Quantitative real-time polymerase chain reaction (qRT-PCR)
Total RNA was extracted from HCT116 cells utilizing Tiangen’s TRNzol-A+ reagent (Beijing, China). The qRT-PCR analysis was performed using total RNA and primers as previously described (Huang et al., 2015). Standard curves facilitated the determination of relative RNA levels in each specimen. To ascertain the integrity of the cDNA input, β-actin served as an internal control.
Cell viability assay
The viability of the reconstituted cells seeded into 96-well culture plates was assessed employing the Cell Counting Kit-8 (CCK8) assay kit (Meilunbio, Dalian, China). The reagent generates a soluble yellow formazan product in the cell culture medium by reducing WST-8 through cellular dehydrogenases, exhibiting a distinct absorption peak at 450 nm.
Statistical analysis
For contrasting pairs of groups, the Student’s t-test was employed, while for multiple group comparisons, one- or two-way ANOVA with Tukey’s multiple comparison test was utilized. Statistical significance was defined as p < 0.05.
Results
Ferroptosis and colon cancer associations uncovered through single-cell analysis
The flowchart of this study is shown in Fig. 1. Upon integrating four samples from the GSE110009 dataset through cell clustering (Fig. 2A), cell annotation revealed eight distinct subgroups: mast cells, natural killer cells, T-cells, macrophages, plasma-cells, B-cells, dendritic-cells, and cancer-cells (Figs. 2B and 2C). Among 911 colon cancer marker genes, 19 were found to be associated with ferroptosis (Fig. 2D). Further analysis of the 18 ferroptosis-colon cancer co-associated genes, excluding ATP5MC3, revealed significant correlations (Fig. 2E) and protein-protein interactions (Fig. S1B).

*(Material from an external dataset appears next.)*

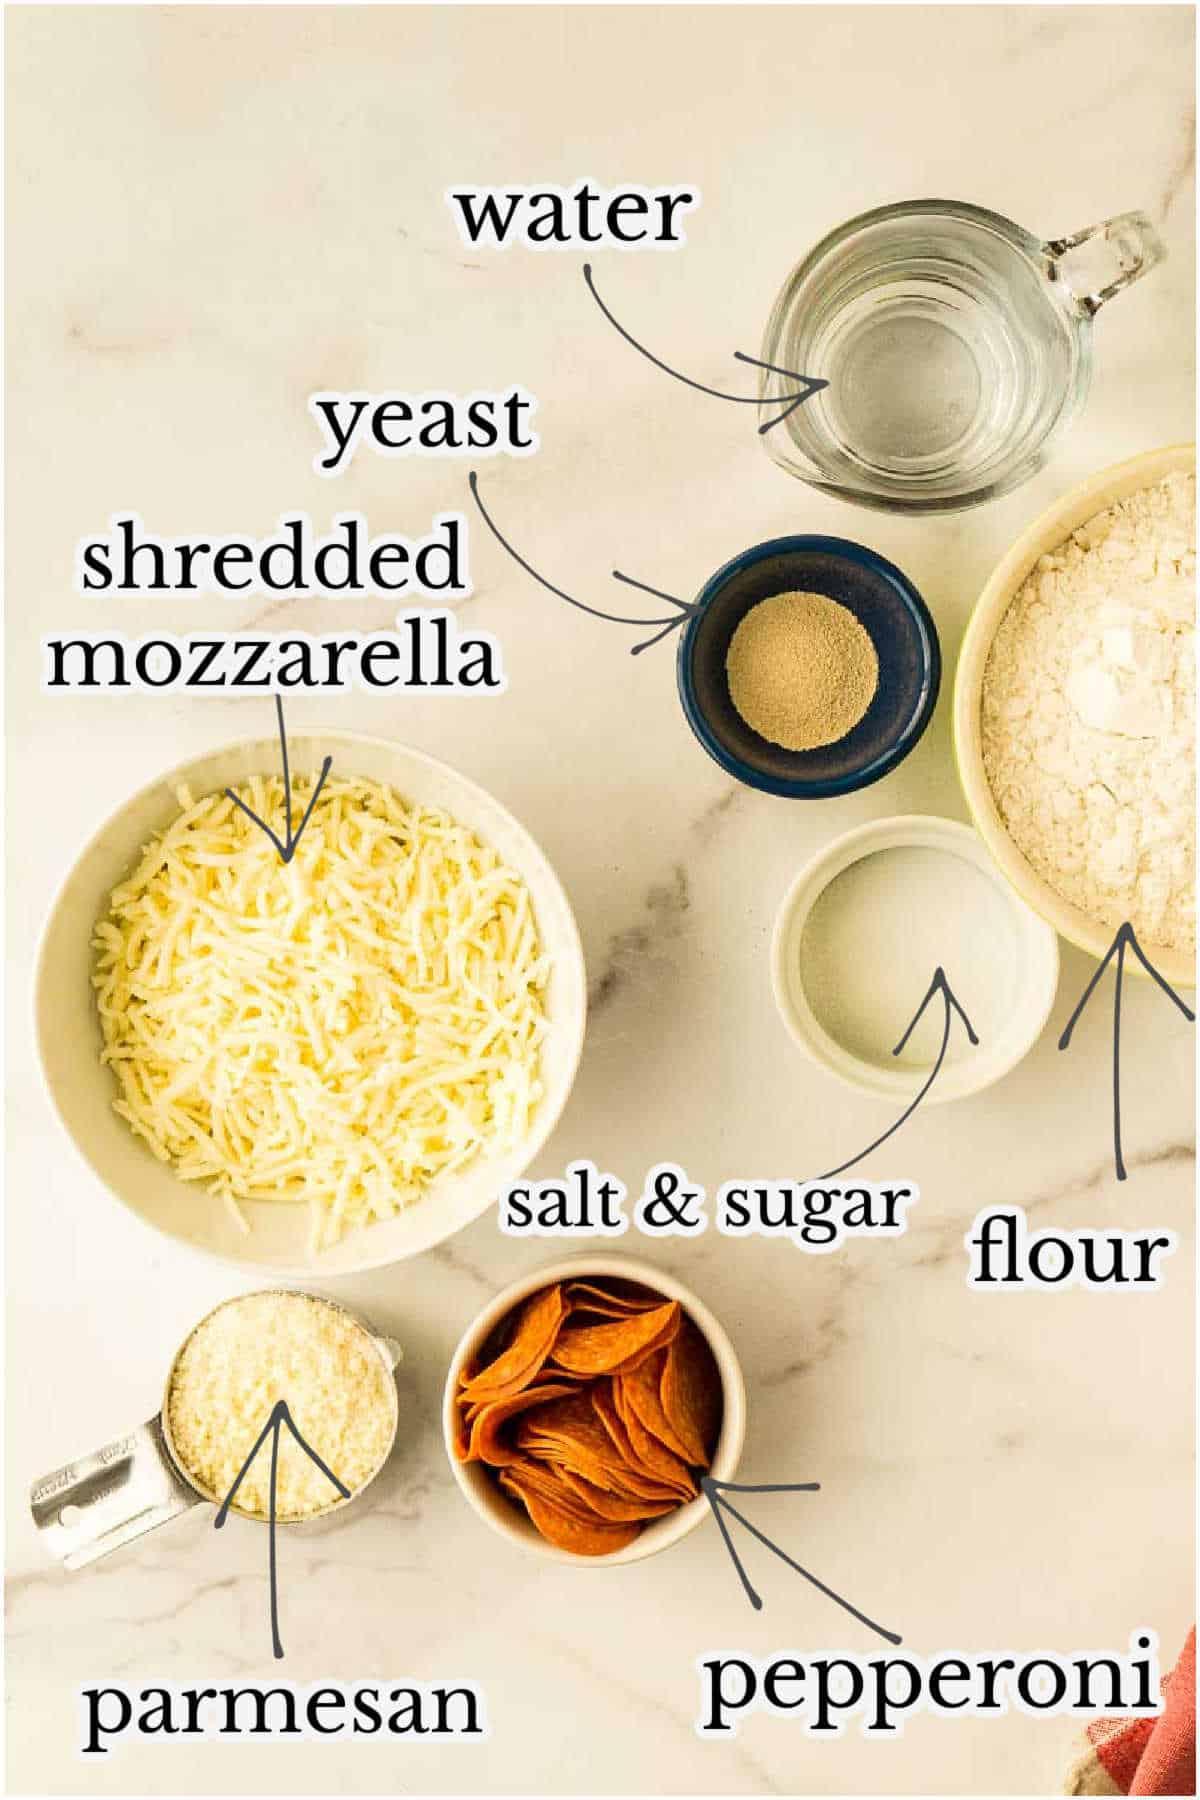 flour, salt, yeast, pepperoni, mozzarella, and parmesan on marble counter

Figure 1. Flowchart of the research process.
Figure 2. Biomarkers correlated with tumor ferroptosis in single cells.
(A) Dimensionality reduction of single-cell data via t-Distributed Stochastic Neighbor Embedding (tSNE), clustered into 11 categories; (B) cellular annotation, classified into a total of eight groups; (C) top 10 differentially expressed genes for the 11 cell types; (D) Venn diagram depicting the overlap of tumor biomarkers and ferroptosis genes; (E) correlation heatmap illustrating the association of 18 ferroptosis genes.

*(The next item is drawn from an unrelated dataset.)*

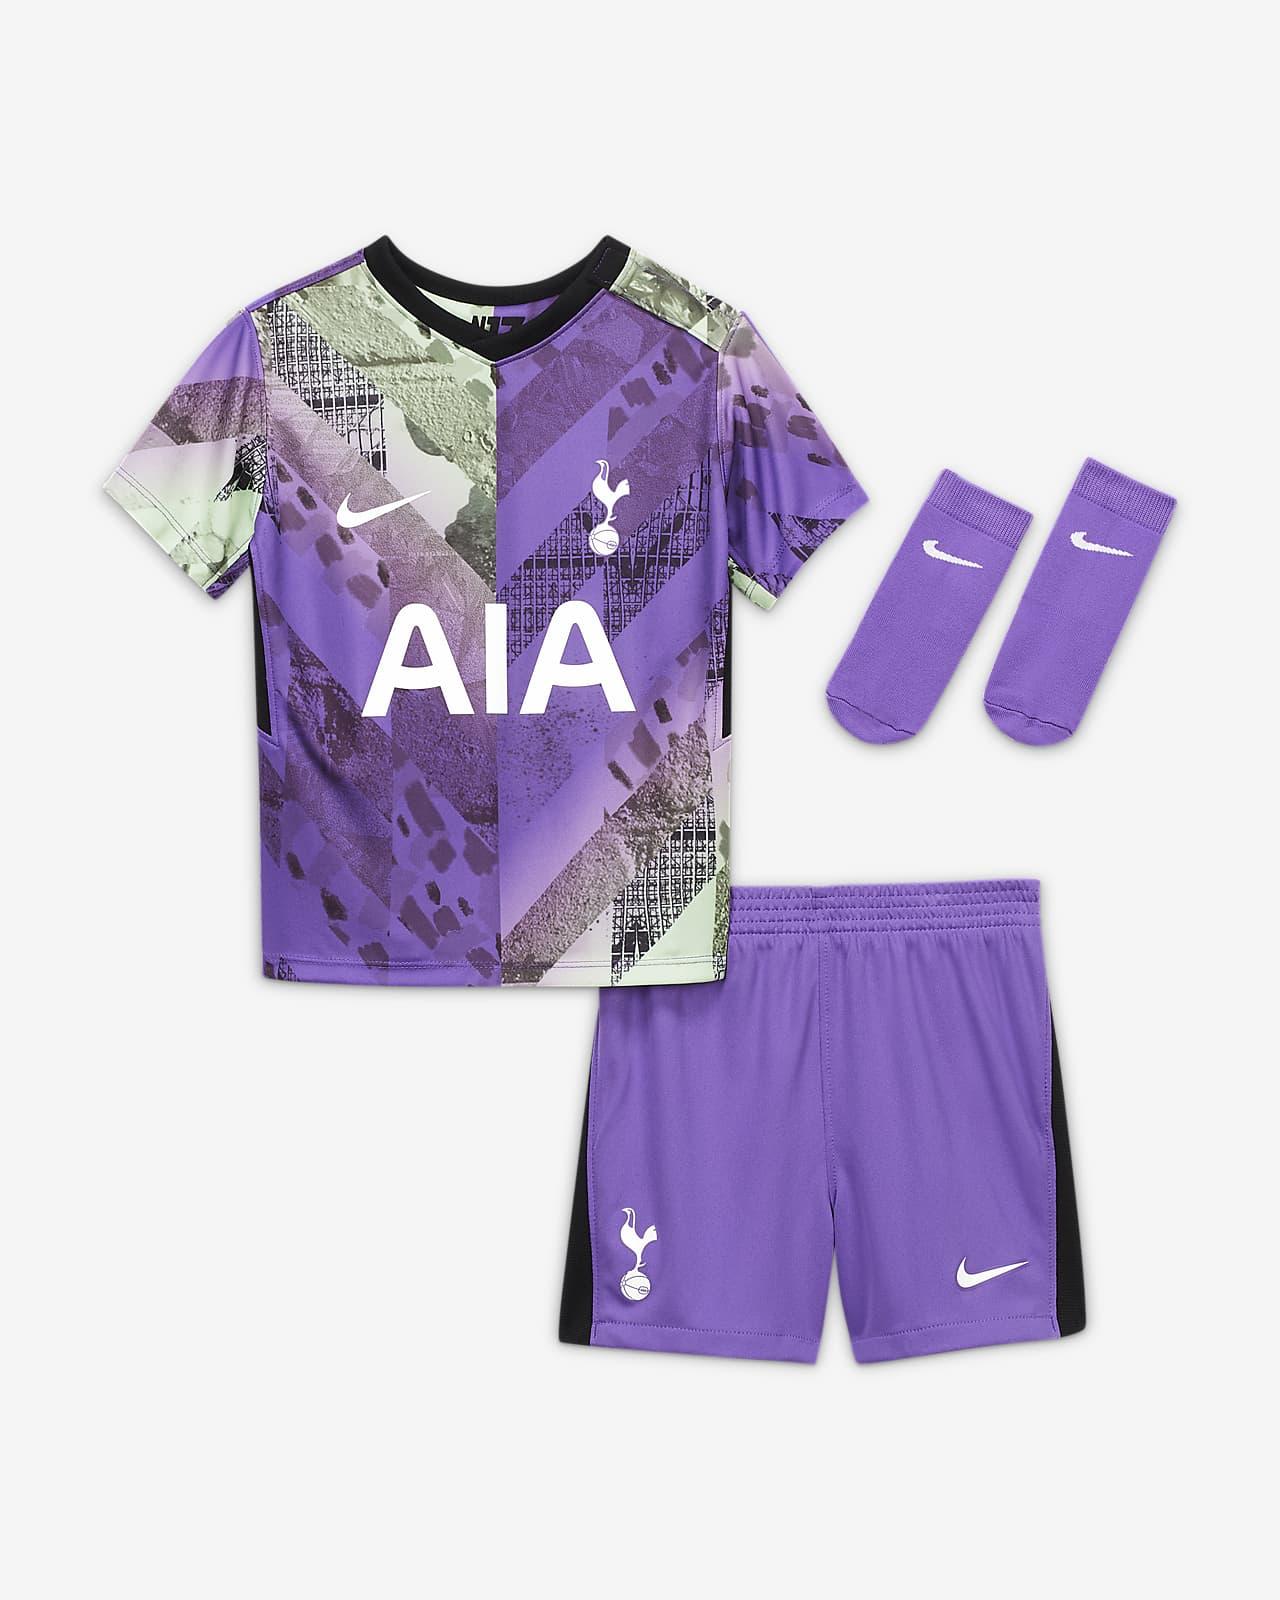 Divisa Tottenham Hotspur 2021/22 per neonati/bimbi piccoli - Terza

Exploration of ferroptosis-related genes
Following the integration of TCGA and GTEx data and the removal of batch effects (Figs. S1C and S1D), PCA validation confirmed data integration (Figs. S1E and S1F). In COAD pathogenesis, CEBPG, VDAC2, and HNF4A carried high mutational loads and potentially played crucial roles (Fig. 3A). GO enrichment analysis suggested significant associations between ferroptosis-colon cancer co-related gene functions and pathways such as oxidative stress response, toxic substance response, and DNA-binding transcription factor binding (Fig. 3B). Additionally, KEGG enrichment analysis highlighted Glutathione metabolism and Biosynthesis of unsaturated fatty acids pathways (Fig. 3C). Notably, only three genes were statistically significant in the Ferroptosis-Colon Cancer Common Associated Gene Difference Analysis (Fig. 3D). The remaining 15 ferroptosis genes were suggested to play important roles in COAD, and a one-way COX regression analysis showed that only CISD2 had a statistically significant impact on prognosis (Fig. 3E).
Figure 3. Examination of crucial genes in ferroptosis.

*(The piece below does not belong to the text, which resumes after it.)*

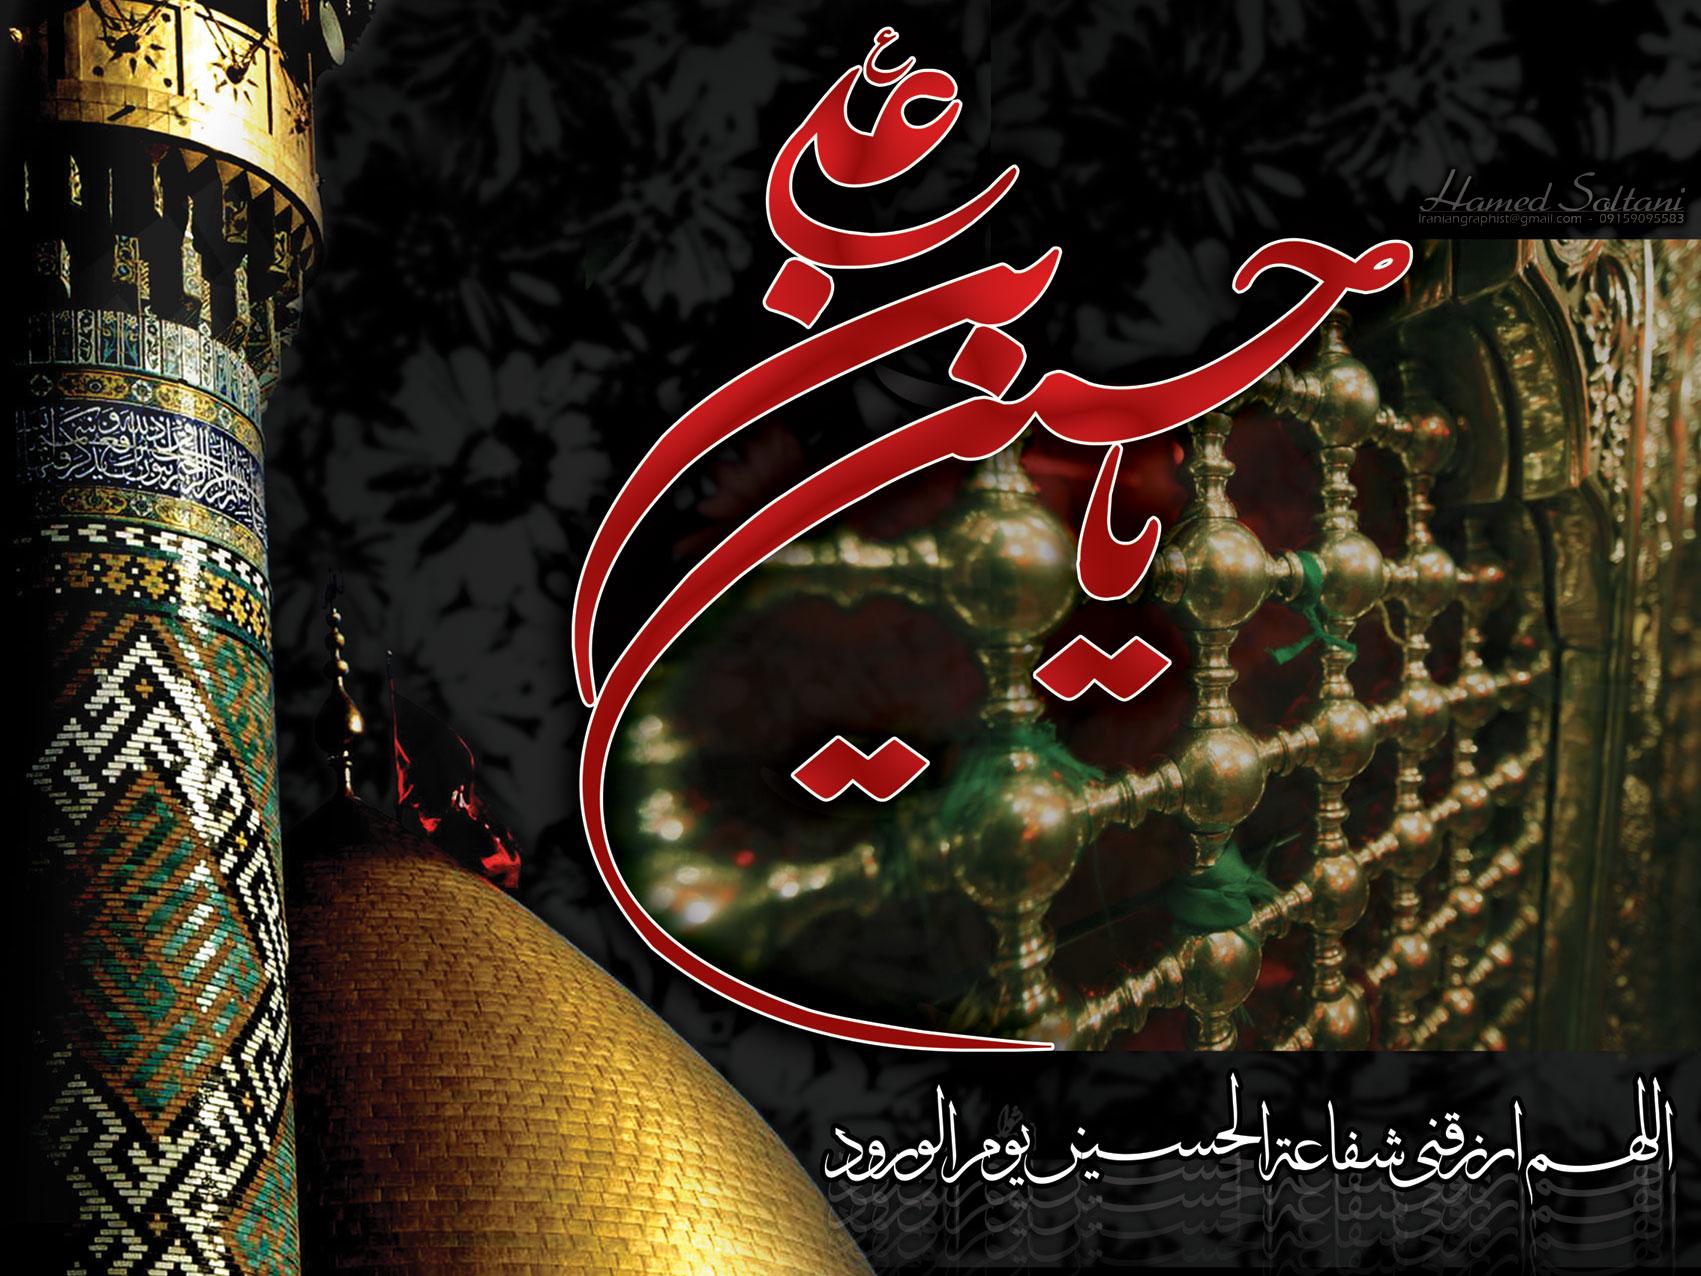 http://hamedagha.persiangig.com/image/imam%20hossein/60~45.jpg

(A) Waterfall chart displaying the mutational analysis of 18 genes. (B) Bar diagram representing Gene Ontology (GO) enrichment results. (C) Bar diagram showcasing Kyoto Encyclopedia of Genes and Genomes (KEGG) enrichment results. (D) Box plot illustrating the differences of 18 genes between normal and Colon Adenocarcinoma (COAD) specimens. (E) Univariate regression analysis of 15 differing genes. In Figure, ‘ns’ denotes a result that is not statistically significant, while asterisks (*, ** and ****) represent significance levels of 0.05, 0.01, and 0.0001, respectively.
Immune microenvironment examination
In colorectal cancer samples, macrophages M0 and M1 displayed greater infiltration compared to normal samples, aligning with general findings (Fig. 4A). Colorectal cancer samples also exhibited increased infiltration of mast cells activated, neutrophils, NK cell resting, T cells CD4 memory activated, and T cells follicular helper. Conversely, CD8 T cells and NK cells activated, which are more effective in killing cancer cells, demonstrated reduced infiltration in colon cancer, potentially contributing to progression and poor prognosis. Colon cancer samples also expressed more immune checkpoints, possibly leading to increased immune escape (Fig. 4B). Cibersort results revealed that CISD2 positively correlated with T cells memory activated (p < 0.001) and negatively correlated with T cells regulatory Tregs and Plasma cells (p < 0.001) (Fig. 4C). CISD2 also showed positive correlations with B cells, neutrophils, macrophages, CD8 T cells, and dendritic cells (p < 0.05) (Fig. 4D), indicating a significant relationship between CISD2 and immune response.
Figure 4. Immune microenvironment assessment.
(A) Box plots exhibiting disparities in 22 immune cells between tumor and healthy samples. (B) Box plots revealing variations in immune checkpoints between tumor and normal samples. (C) Association between 22 immune cells and CISD2. (D) Correlation of CISD2 and six immune cells in colorectal cancer. In Figure, ‘ns’ denotes a result that is not statistically significant, while asterisks (*, **, *** and ****) represent significance levels of 0.05, 0.01, 0.001, and 0.0001, respectively.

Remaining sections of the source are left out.